Problem occured when using model.refine
First of all, deeply appreciated to this contribution.
Informed by the tutorial, I tried to use more girds in activation function approximation by model.refine() after training with less grids. However, NaN occurred in my training outputs.
Unfortunately, I found that the NaN appeared just follow the application of model.refine().
How to settle it?
I experience the same issue. I have produced a small example to show the issue.

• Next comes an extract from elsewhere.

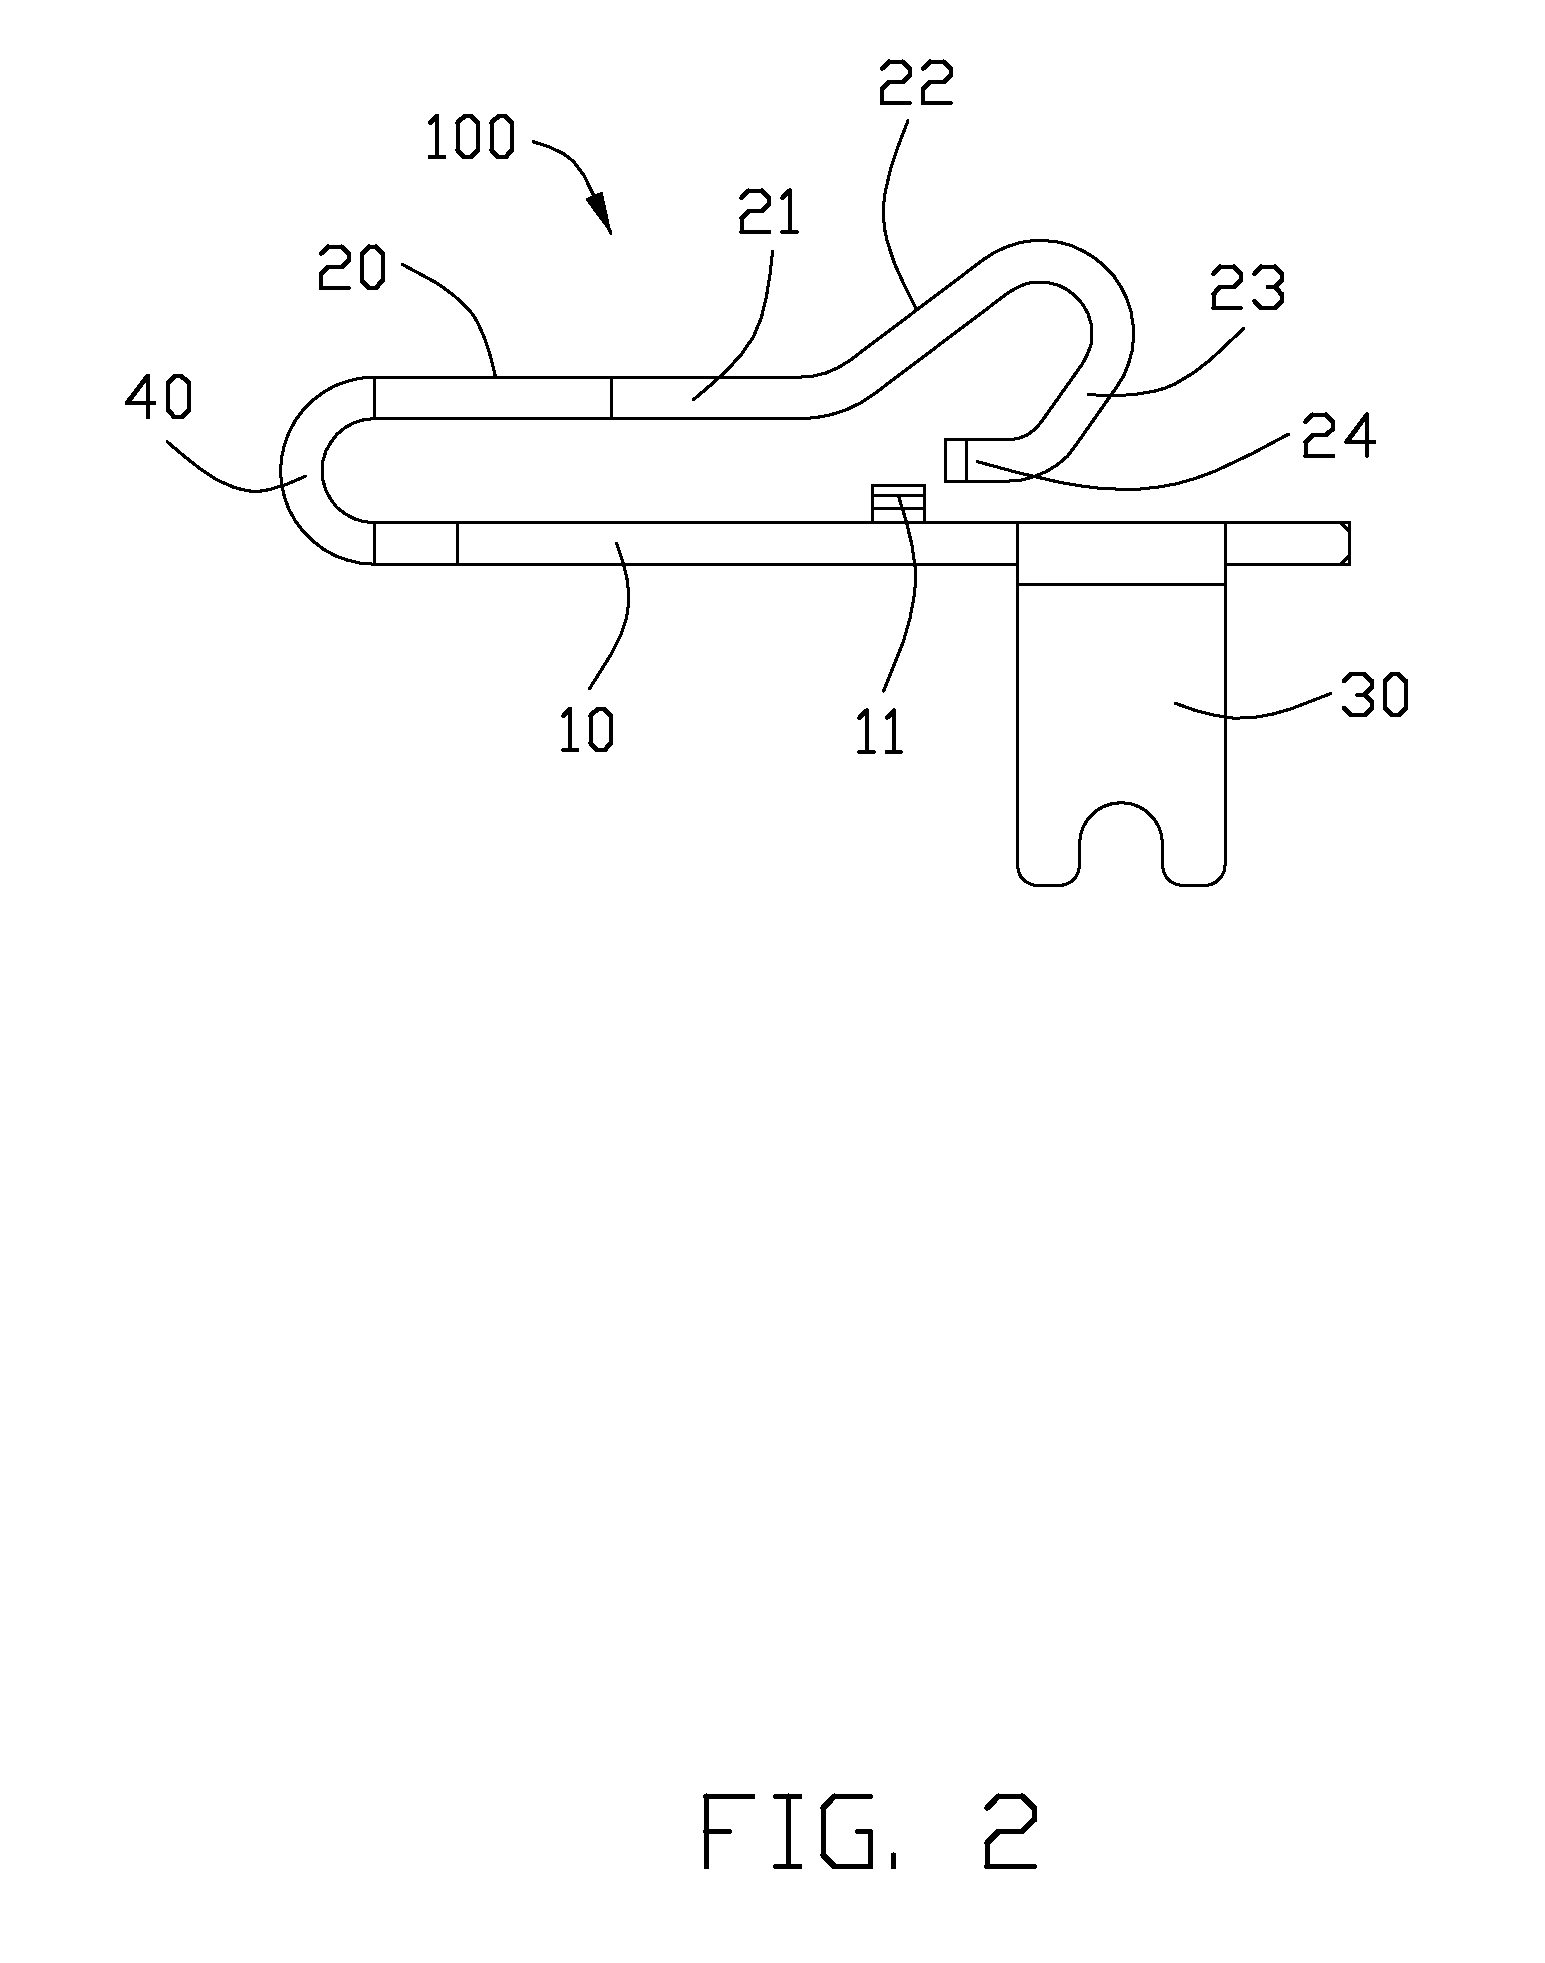 Audio jack connector having low insertion force and high ejection force

I use pykan 0.2.8 installed in editable mode with python 3.11.13 and torch 2.7.1.
The example code is:
import torch
from kan import KAN
from tqdm import tqdm
device = torch.device("cuda" if torch.cuda.is_available() else "cpu")
print("Using device:", device)
def train(model,steps=100):
# optimizer = LBFGS(kan_ae.parameters(), lr=1e-3, line_search_fn='strong_wolfe')
optimizer = torch.optim.Adam(model.parameters(), lr=1e-3, weight_decay=1e-4)
loss_fn = torch.nn.MSELoss()
pbar = tqdm(range(steps), desc="Training KAN Autoencoder")
for step in pbar:
def closure():
optimizer.zero_grad()
# print("Reconstructing batch...")
x_recon = model(x_batch)
loss = loss_fn(x_recon,x_batch)
# print("Calculating gradients...")
loss.backward()
return loss
loss = optimizer.step(closure)
if step % 5 == 0:
current_loss = closure().item()
pbar.set_description("Step: %d | Loss: %.3f" %
(step, current_loss))
return loss
## Example
batch_size = 500
num_elem = 100
x_batch = torch.rand(batch_size, num_elem, device=device)
kan_width=[num_elem,num_elem,num_elem]
k=3
G=3
kan_ae = KAN(width=kan_width, k=k, grid=G,symbolic_enabled=False).to(device=device)
kan_ae.update_grid_from_samples(x_batch)
# Train
loss_out = train(kan_ae,steps=100)
# Refine grid
kan_ae = kan_ae.refine(5)
# Train again.
loss_out = train(kan_ae,steps=100)
Which produced the output
Using device: cuda
checkpoint directory created: ./model
saving model version 0.0
Step: 95 | Loss: 0.074: 100%|██████████| 100/100 [00:01<00:00, 73.60it/s]
saving model version 0.1
Step: 95 | Loss: nan: 100%|██████████| 100/100 [00:00<00:00, 108.92it/s]
I have tried varying the widths, the grid sizes, the data dimensions. But in all cases, there are some coefficients that turn nan in the model, leading to nan outputs.